Już od dłuższego czasu było jasne, że Sergio Perez z powodu niezwykle słabej wydajności, nieadekwatnej do poziomu zespołu Red Bull Racing, nie wypełni swojego kontraktu. Z powodu wielu spekulacji i znaczącej presji zewnętrznej, dzisiaj Perez oficjalnie ogłosił: odchodzi z Red Bulla!
Po długim i niezrozumiałym oczekiwaniu w końcu wydarzyło się to, co musiało się wydarzyć. Prawda, że to nie zespół ogłosił pożegnanie, ale Sergio Perez pożegnał się w komunikacie:
„Jestem ogromnie wdzięczny za ostatnie cztery sezony i za możliwość rywalizowania z tak wspaniałym zespołem. To była przyjemność prowadzić Red Bulla i zawsze będę szczególnie cenić nasze wspólne sukcesy.
Łamałem rekordy, osiągaliśmy kamienie milowe razem i w międzyczasie spotkałem wielu wspaniałych ludzi. Ogromne podziękowania kieruję do każdego członka zespołu, od kierownictwa, przez inżynierów i mechaników, aż po pracowników gastronomicznych, kucharzy i pracowników działu marketingu i komunikacji, wszystkim. Życzę im wielu sukcesów w przyszłości!
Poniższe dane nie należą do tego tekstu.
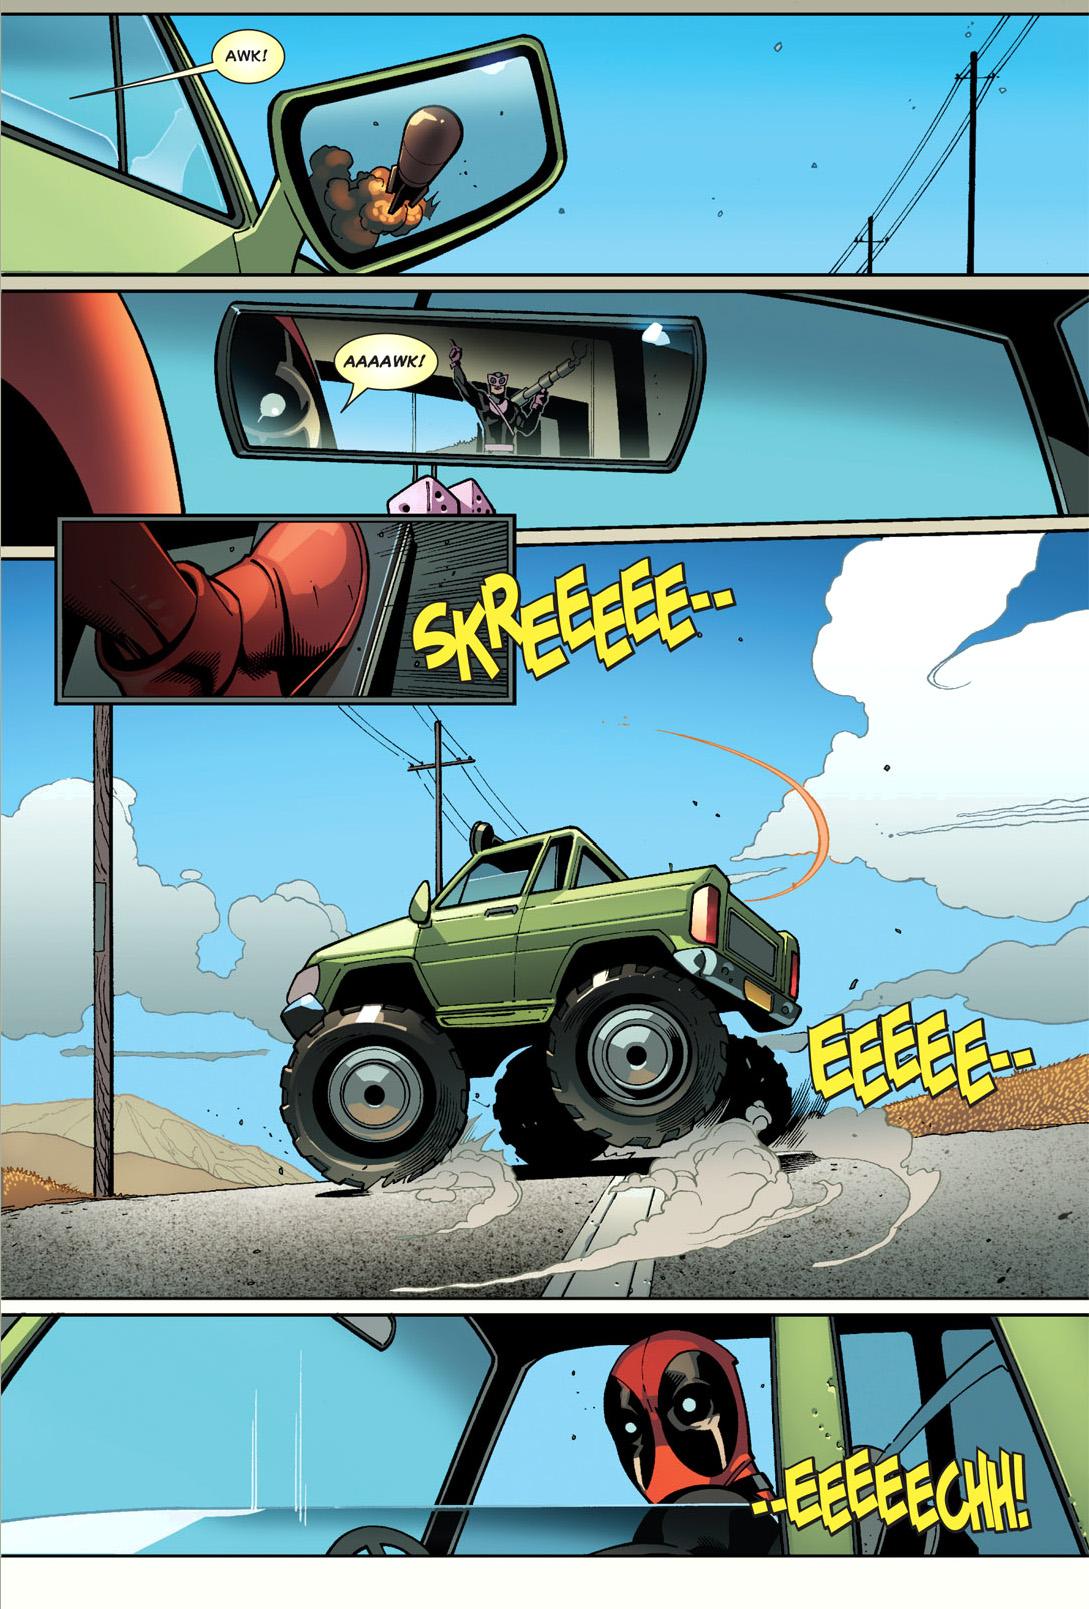 deadpool's mad driving skills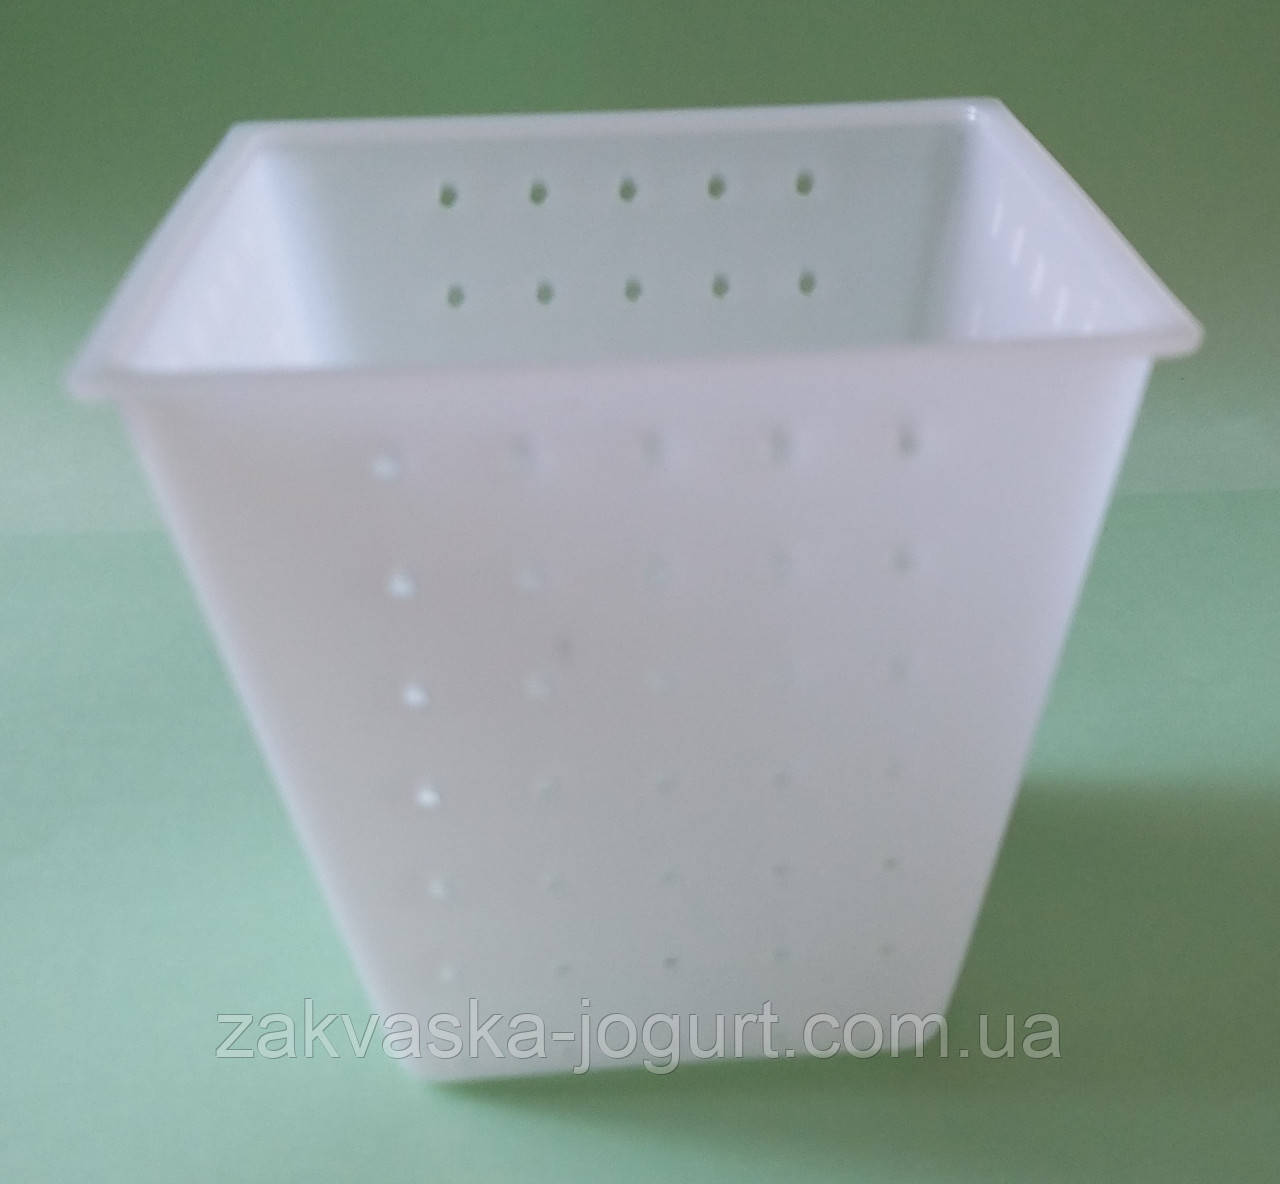 Форма для сыра Пирамидка 0,3-0,5 кг

Było to dla mnie prawdziwe wyróżnienie, że mogłem być partnerem Maxa i dzielić się jego sukcesami. Chciałbym szczególnie podziękować kibicom, zwłaszcza meksykańskim fanom, którzy wierzyli we mnie każdego dnia i nieustannie mnie wspierali. Wkrótce się spotkamy, do tego czasu nie zapominajcie… nigdy się nie poddawajcie!” - pożegnał się Perez, kończąc tym samym pewną erę w życiu Red Bulla.